The final version, vetted by governments, will be unveiled in October.

Moral hazard
Pressure for the lower temperature target and the report came from nations whose fate could turn on the half-degree difference between a 1.5 C and 2 C world.
Rising seas, for example, threaten the existence of small island states and could displace tens of millions in Bangladesh, Vietnam and other counties with densely populated river deltas.
"There is a tipping point on sea level rise" -- driven mainly by melting icesheets on Greenland and Antarctica -- "somewhere between 1.5 C and 2 C," said Hans Joachim Schellnhuber, director of the Potsdam Institute for Climate Impact Research.
"With 2C, according to our models, sea level will just keep on rising," he told AFP.
A pregnant Somali woman sits by a tree trunk outside Dadaab. Photo: AP
The pathways that do exist for stabilising at 1.5 C would require breaching that threshold and then dialling down Earth's surface temperature by drawing CO2 out of the atmosphere and then using if for fuel or storing it underground.

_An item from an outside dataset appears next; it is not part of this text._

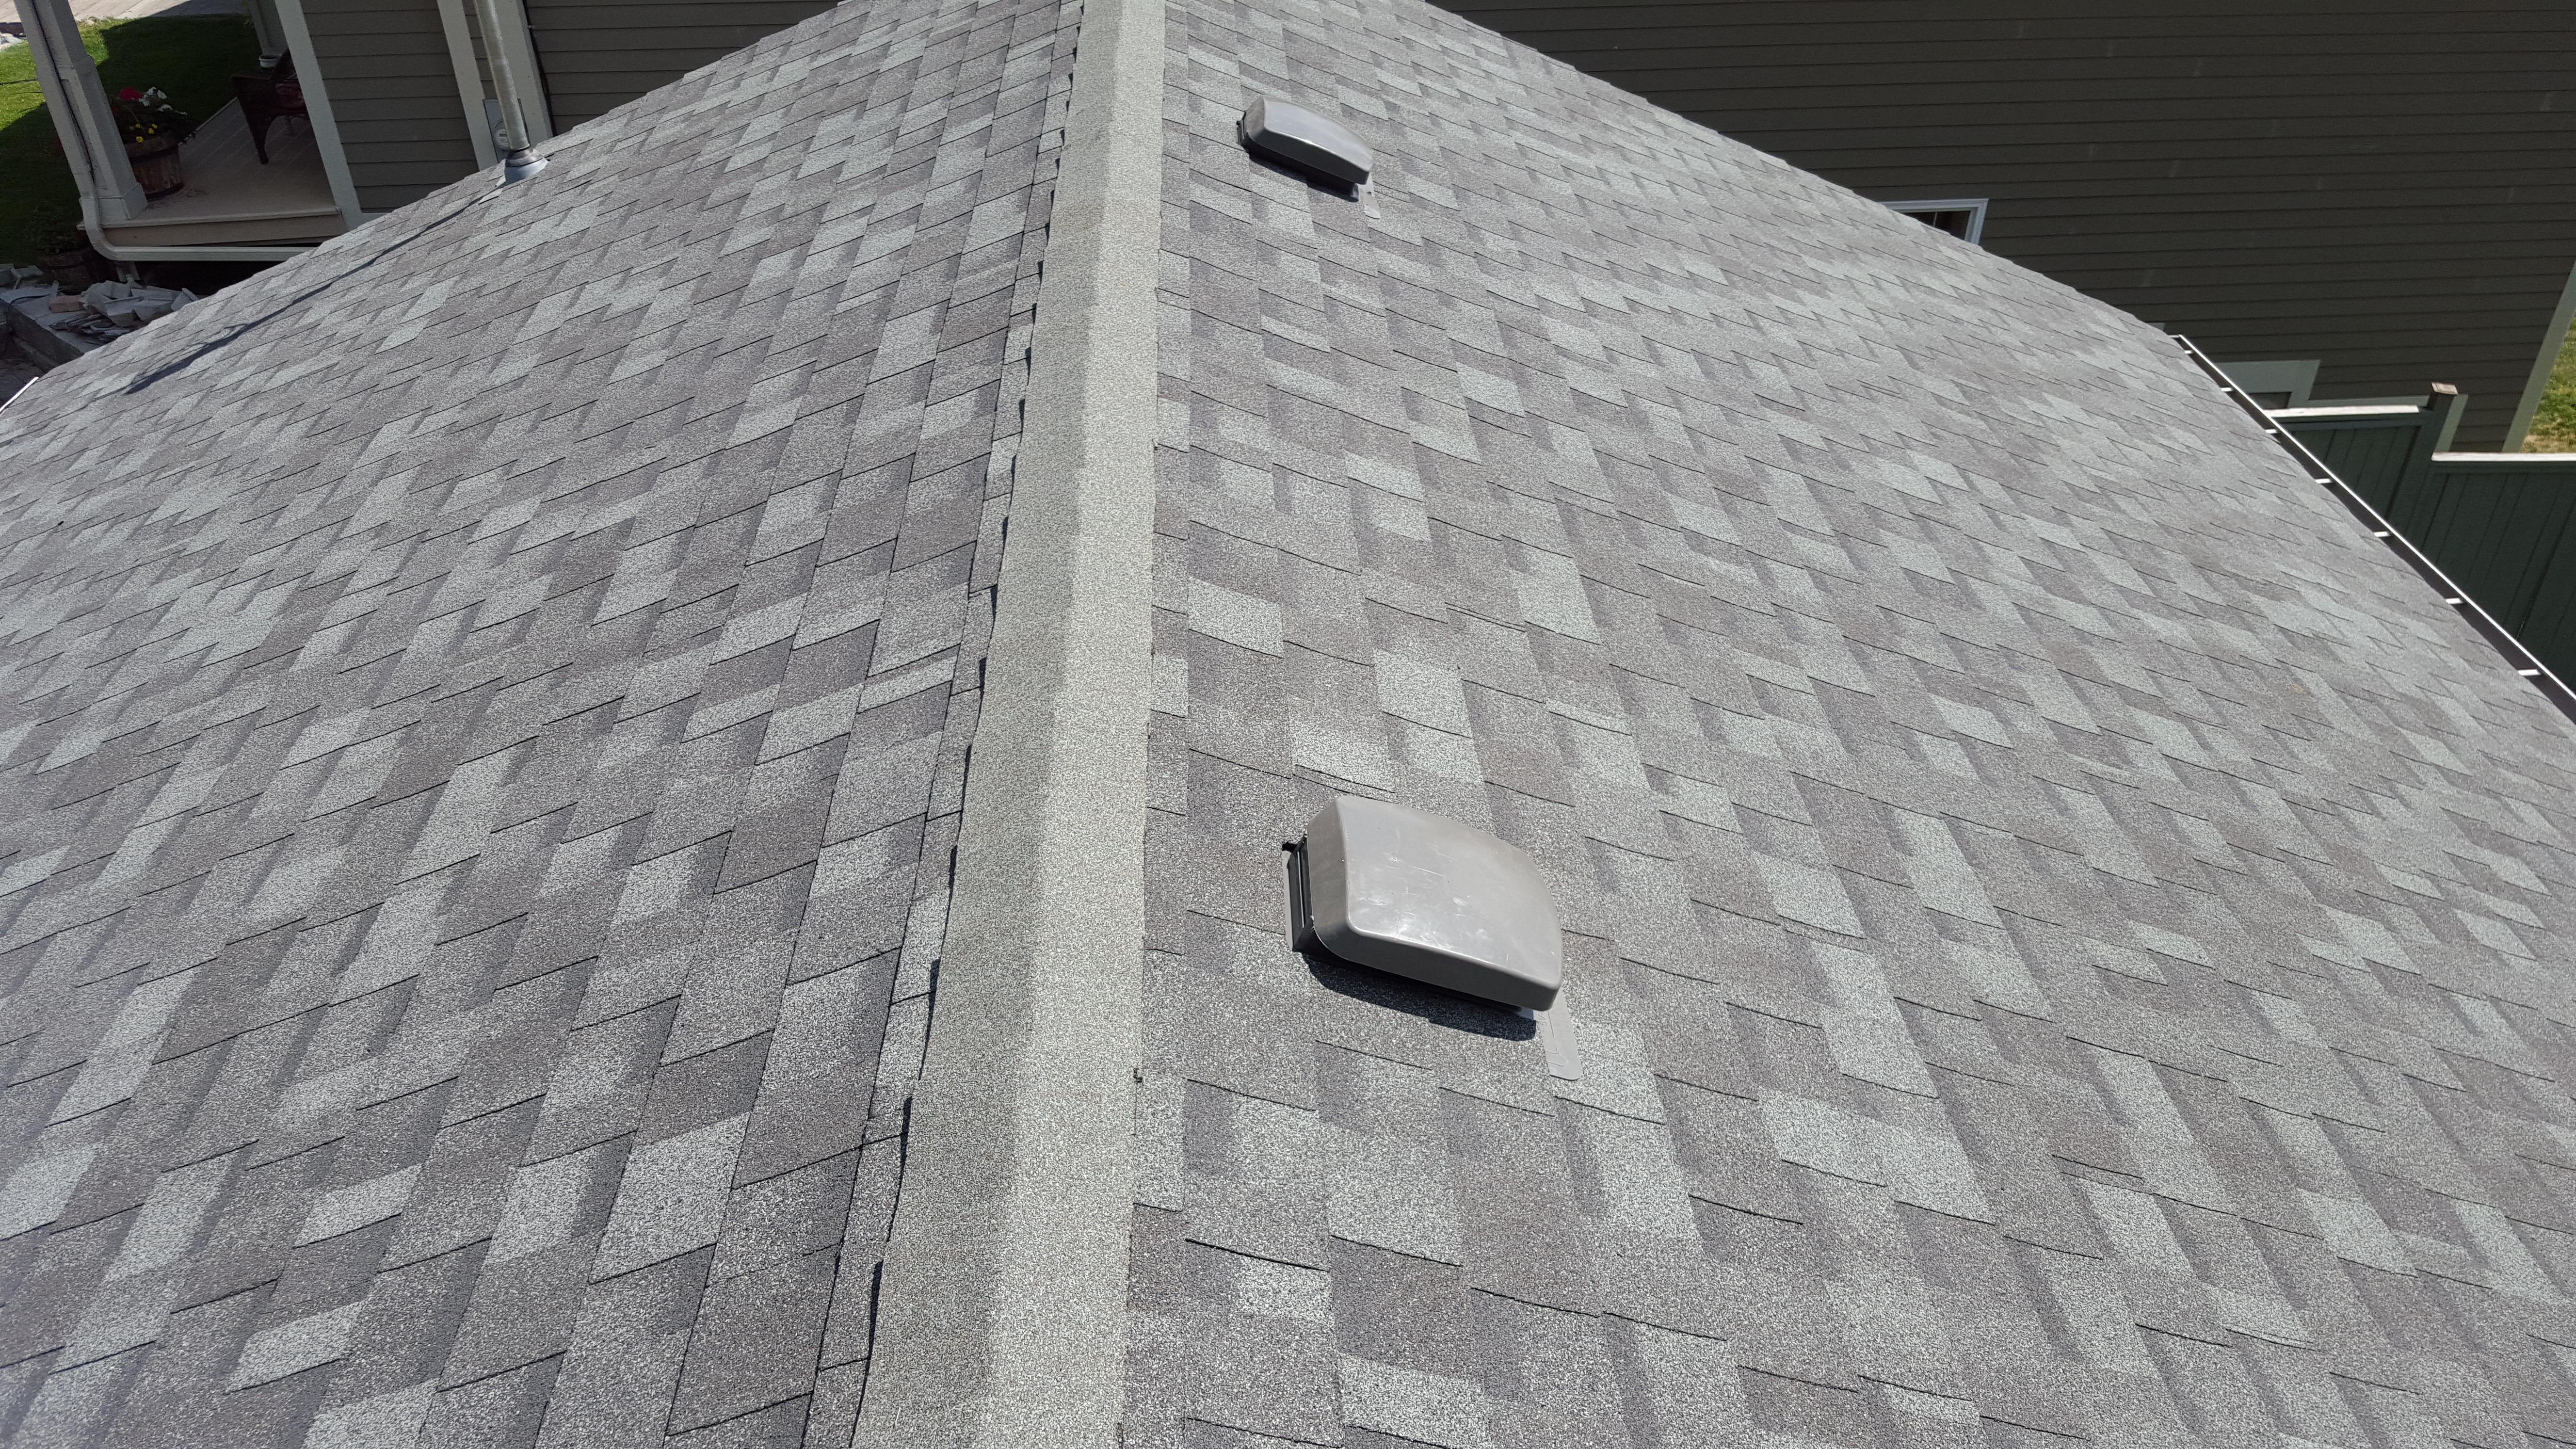 IKO Shingles Roof

None of technologies that do this exist today on an industrial scale, and some experts fear the long-shot 1.5 C target could pose problems of its own.

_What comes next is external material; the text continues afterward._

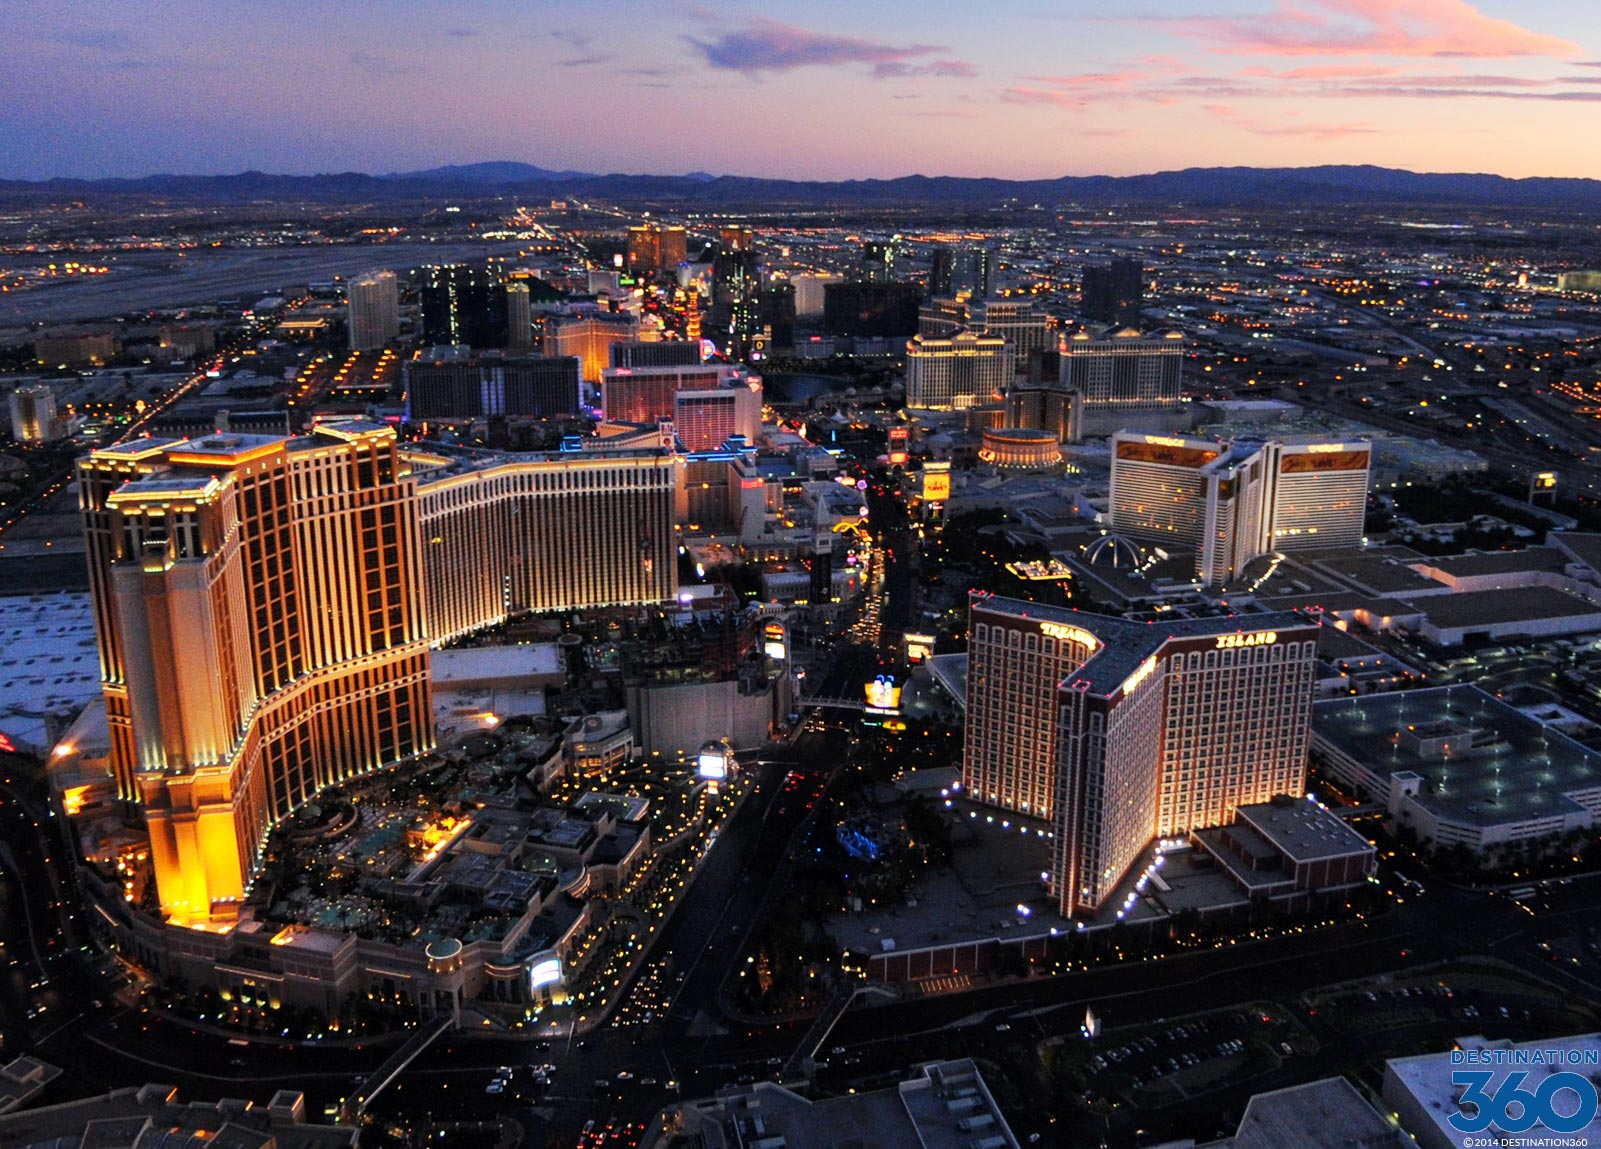 View From Stratosphere Las Vegas Stratosphere Las Vegas

"Any scenario for 1.5 C stabilisation likely requires a dubious dependence on 'negative emissions' technologies, whereas 2 C stabilisation is still possible without that," said Michael Mann, director of the Earth System Science Center at Pennsylvania State University.

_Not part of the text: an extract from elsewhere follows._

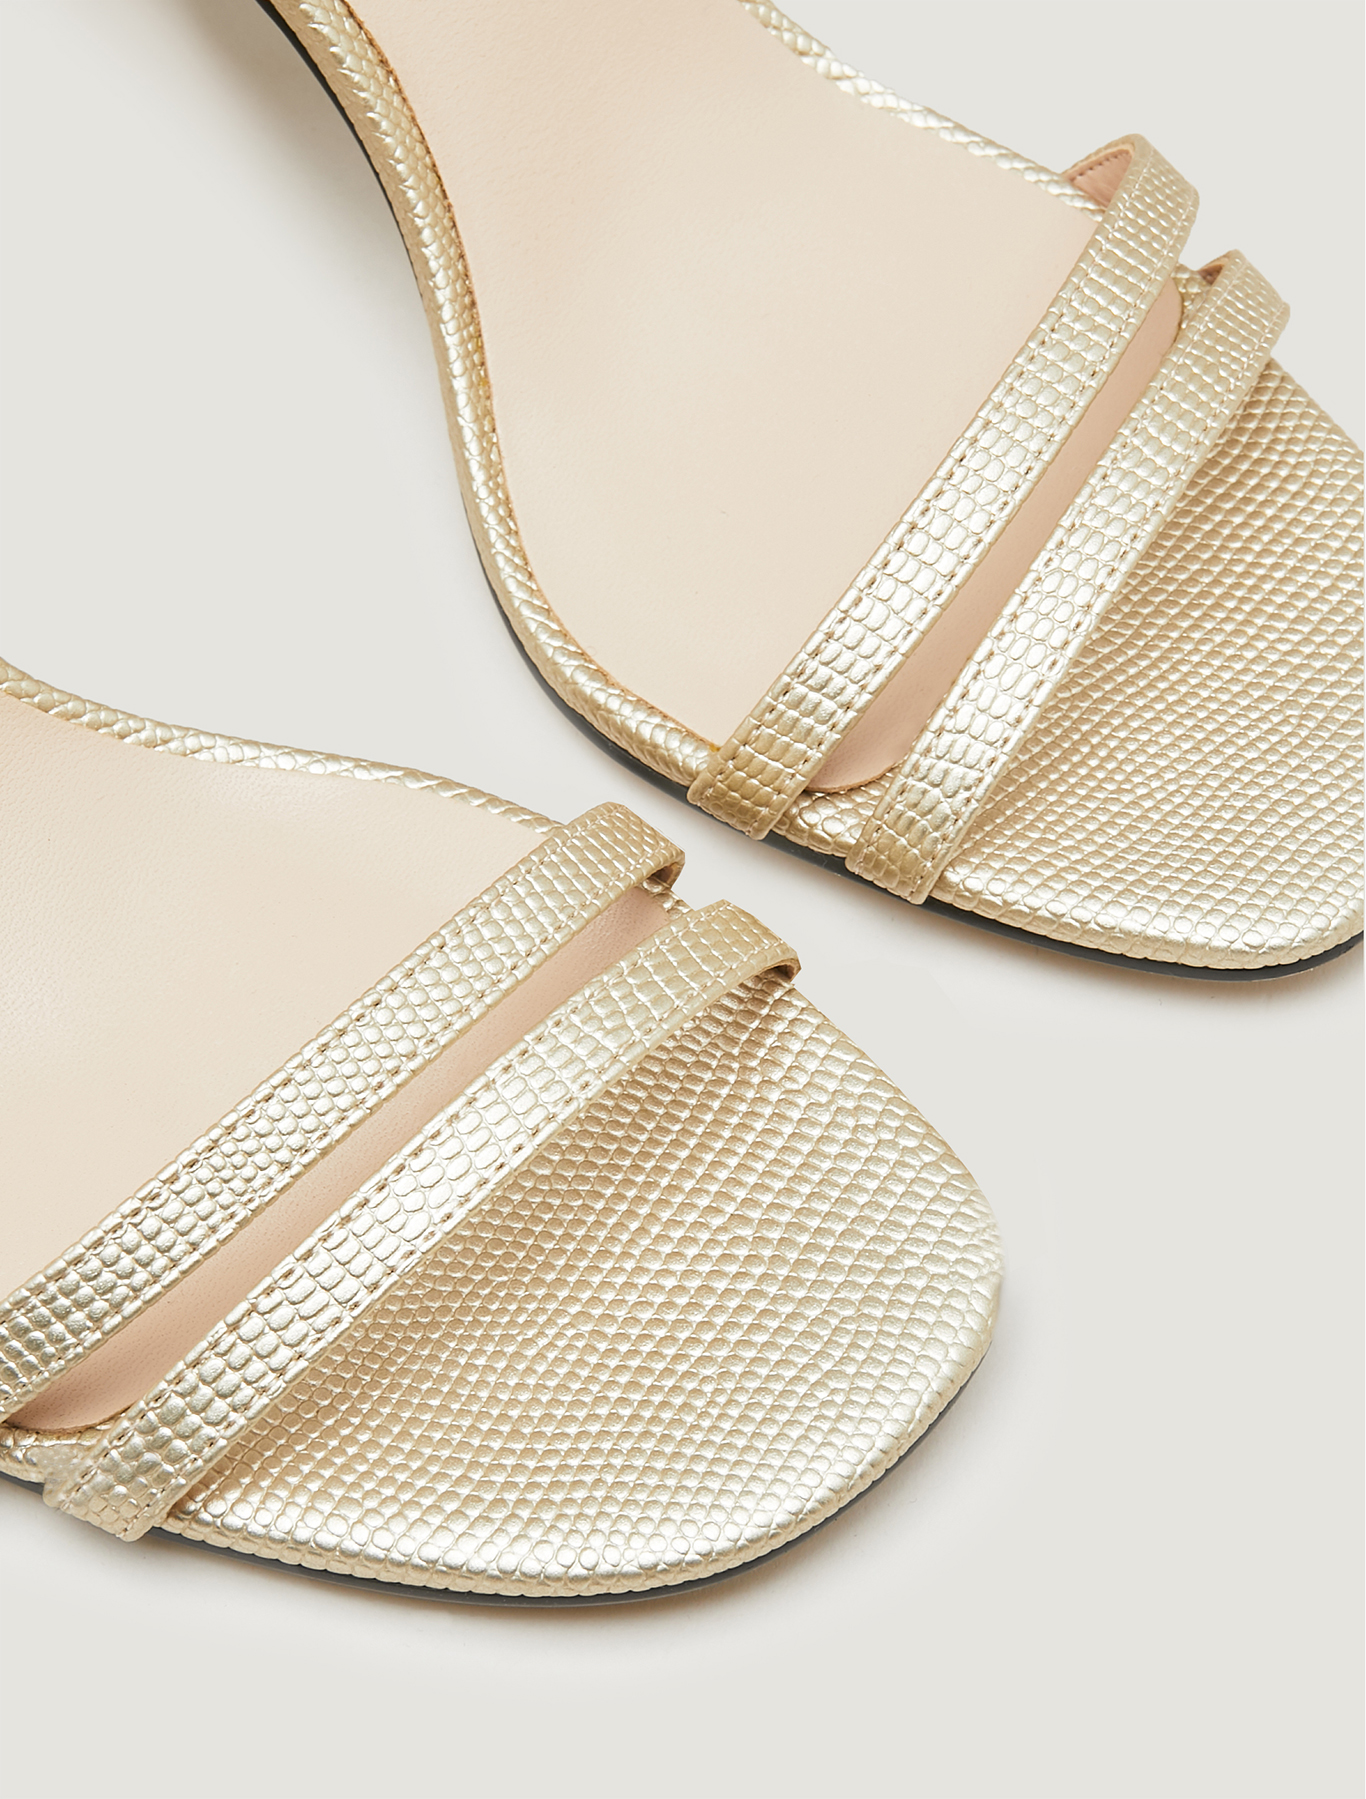 Lizard-print high-heeled sandals - sunshine yellow - pennyblack

The lure of silver-bullet fixes, he and others point out, could weaken resolve to reduce greenhouse emissions at their source -- an unintended side-effect known as "moral hazard".
Ensuring even a 50/50 chance of a 1.5 C world would require the equivalent of a climate change Marshall Plan, the study concluded.

Lifestyle changes
By 2050, carbon dioxide emissions would need to fall to "net" zero, meaning that any CO2 released into the air would have to be offset. Renewable energy sources -- mainly solar and wind -- would by then be the dominant energy source, and burning coal a distant memory.
Other planet-warming gases such as methane and HFCs would also have to be drastically reduced.
"Rapid and large-scale behaviour and lifestyle changes," such as a shift away from eating meat, will also be essential, the report said.
"We don’t have any margin for less than total commitment," said Chris Field, Director of the Stanford Woods Institute for the Environment in California and a former co-chair of the IPCC's Working Group II.
"Tackling climate is making serious investments more than making exactly the right mix of investments."
IPCC officials and scientists cautioned that the report -- which has already gone through three rounds of editing by scientists -- is bound to change before it is approved by governments at a meeting in October.
"Drafts are collective works-in-progress that do not necessarily represent the IPCC's final assessment," said IPCC spokesman Jonathan Lynn.
The current review cycle is the first in which government officials will submit comments.
"The final approval process is a dialogue between governments -- which have requested and will use the report -- and the scientists who have written it," he told AFP.